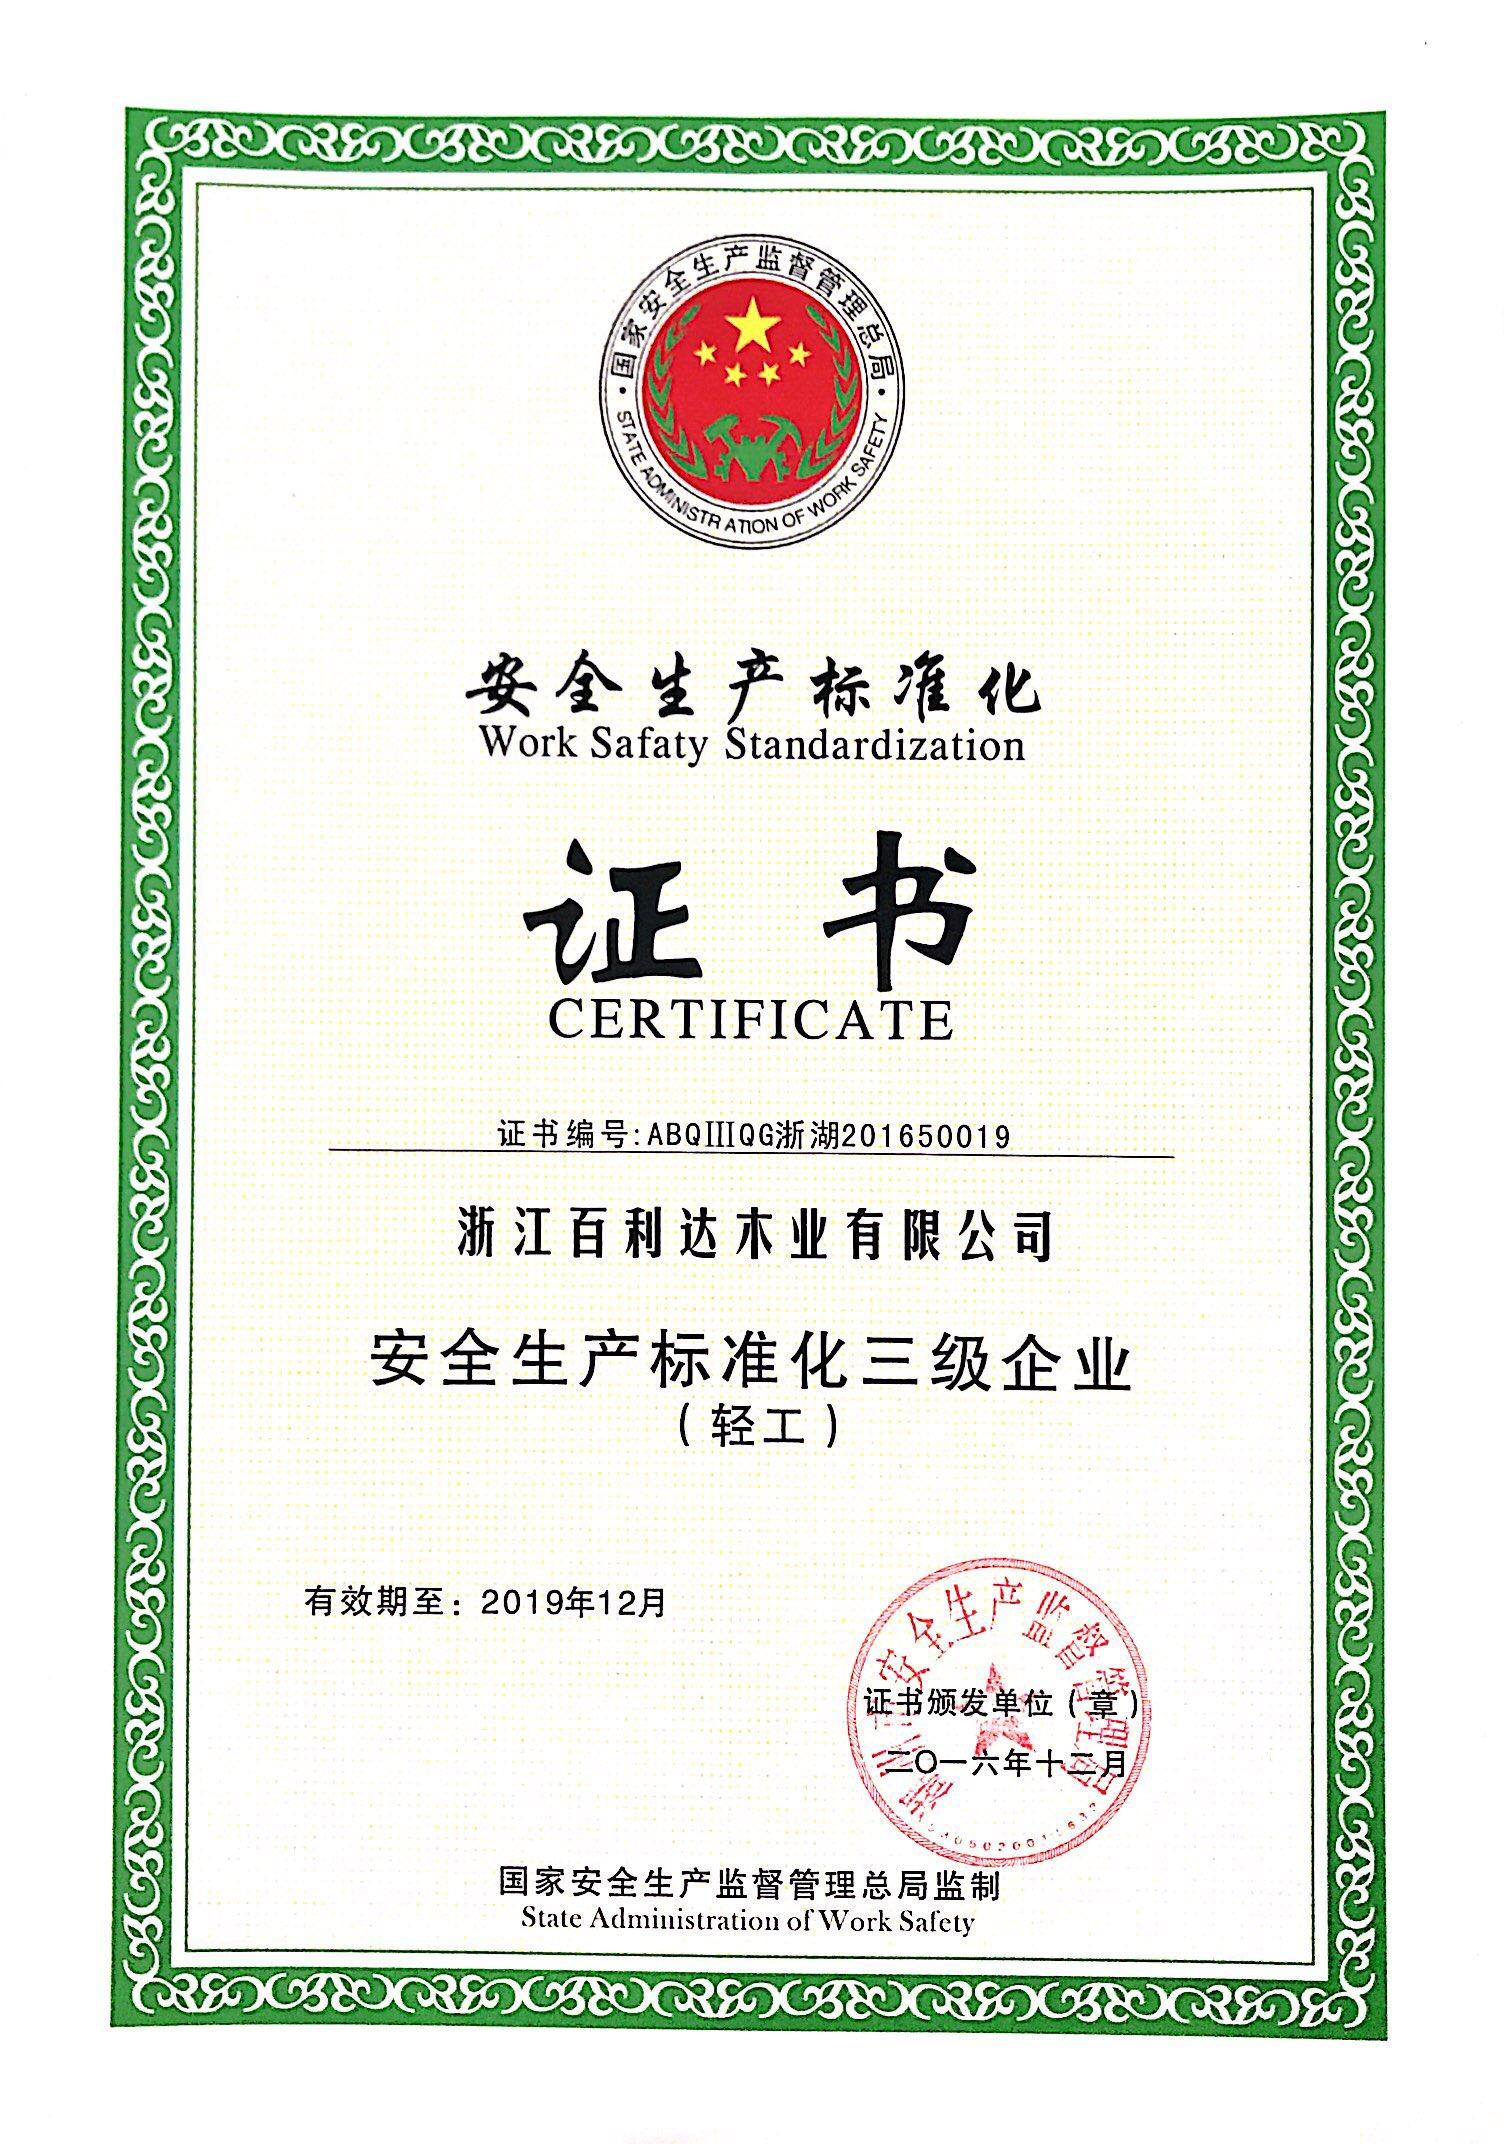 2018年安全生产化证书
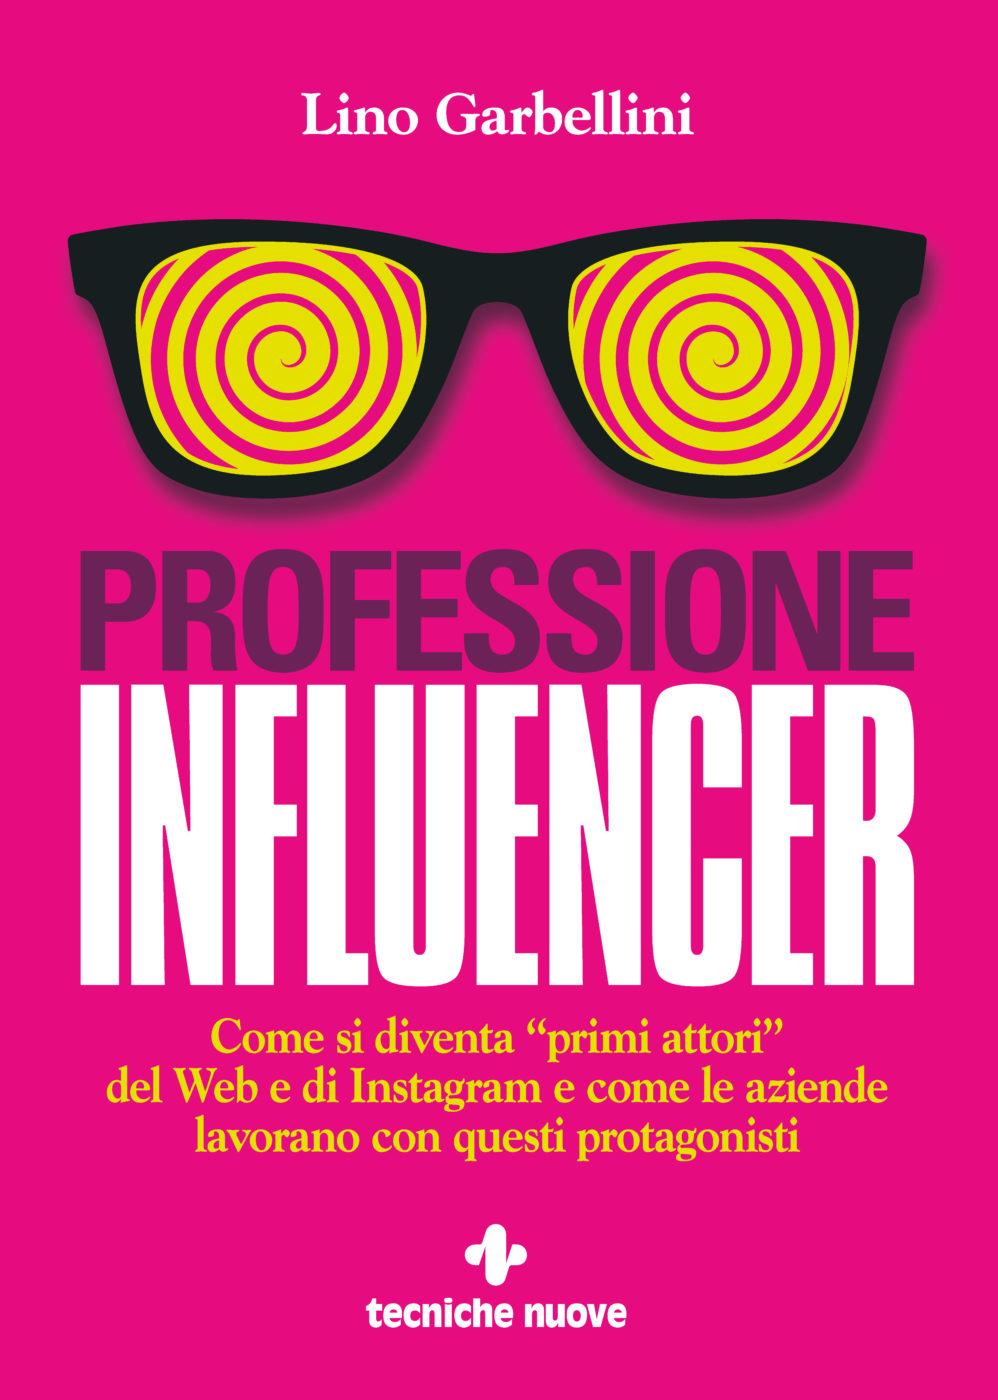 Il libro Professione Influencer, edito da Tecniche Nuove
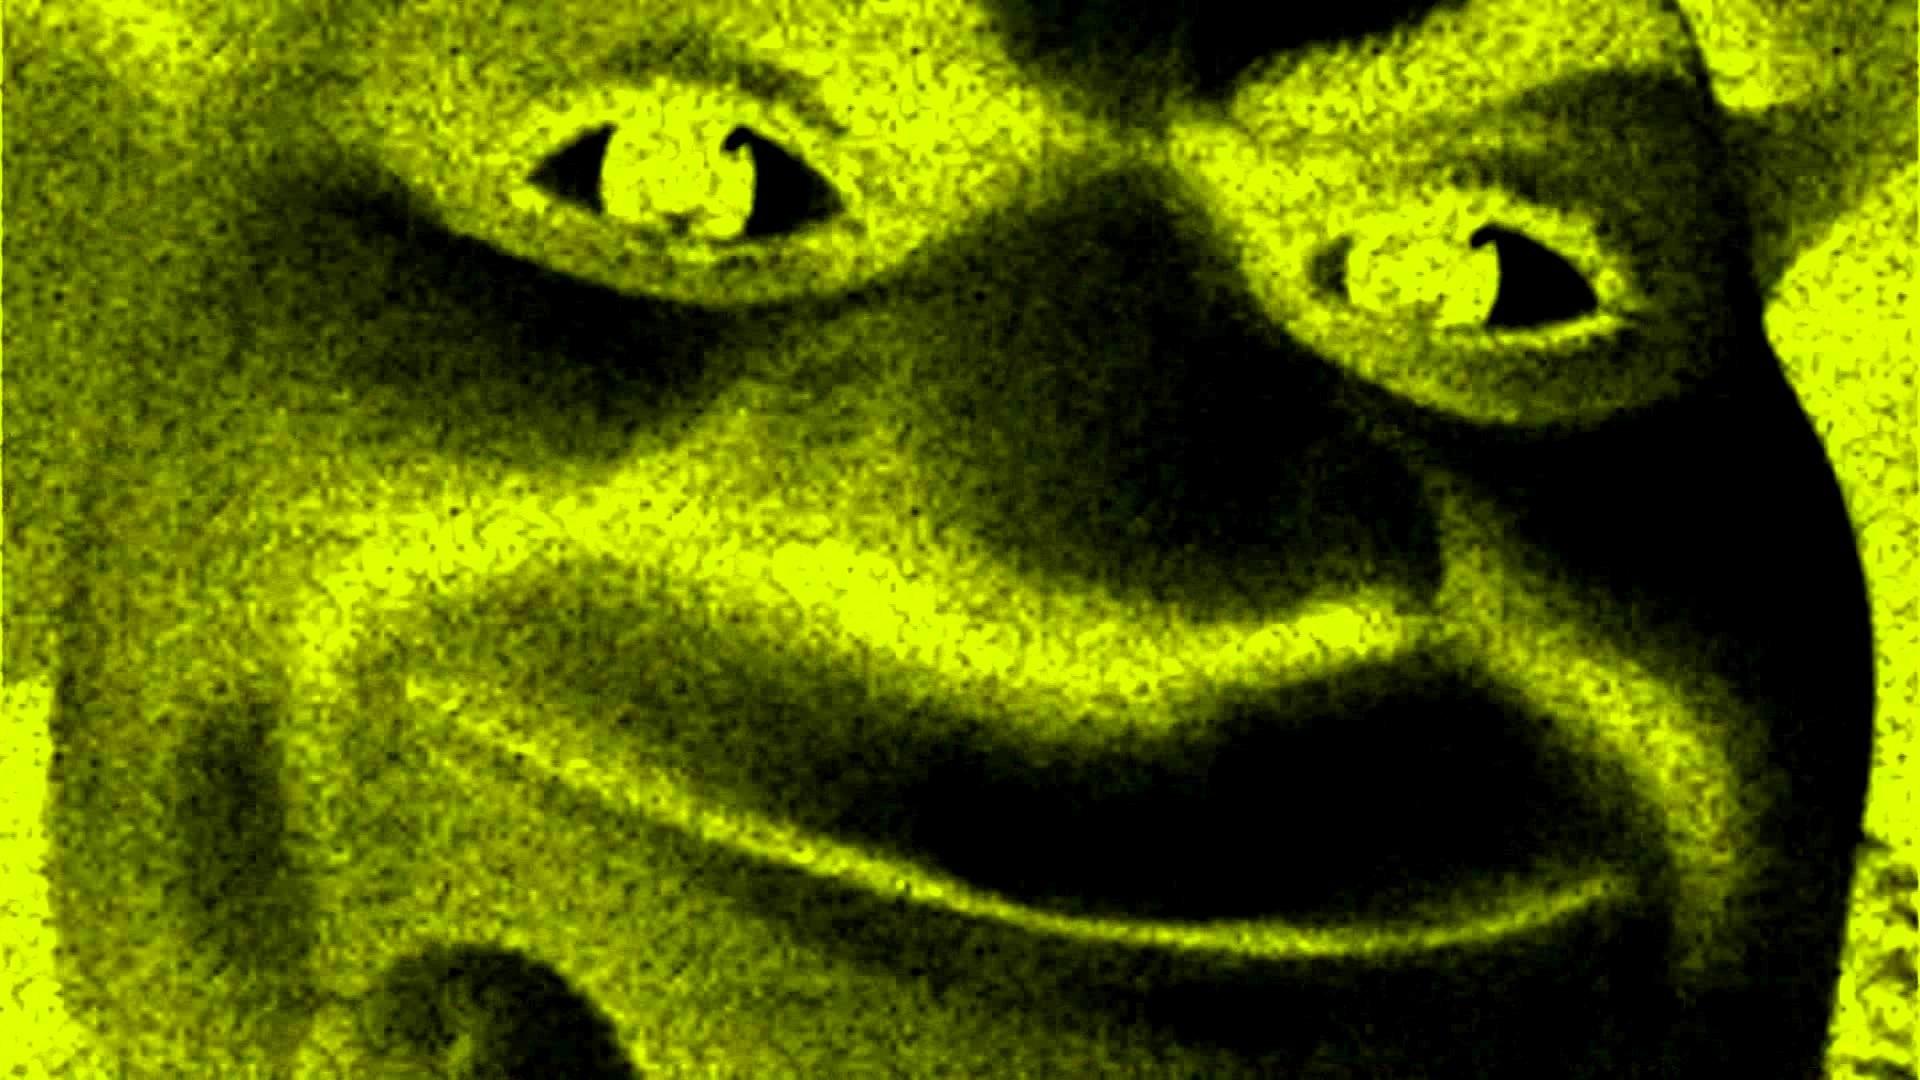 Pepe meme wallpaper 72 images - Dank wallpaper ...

→ TRY IT:
Beginning with the line containing "Il libro Professione" and ending with the last line of the data above, repeat each line exactly. Include no pictures and no other lines.

→ OUTPUT OF THE TASK:
 Il libro Professione Influencer, edito da Tecniche Nuove
 Pepe meme wallpaper 72 images - Dank wallpaper ...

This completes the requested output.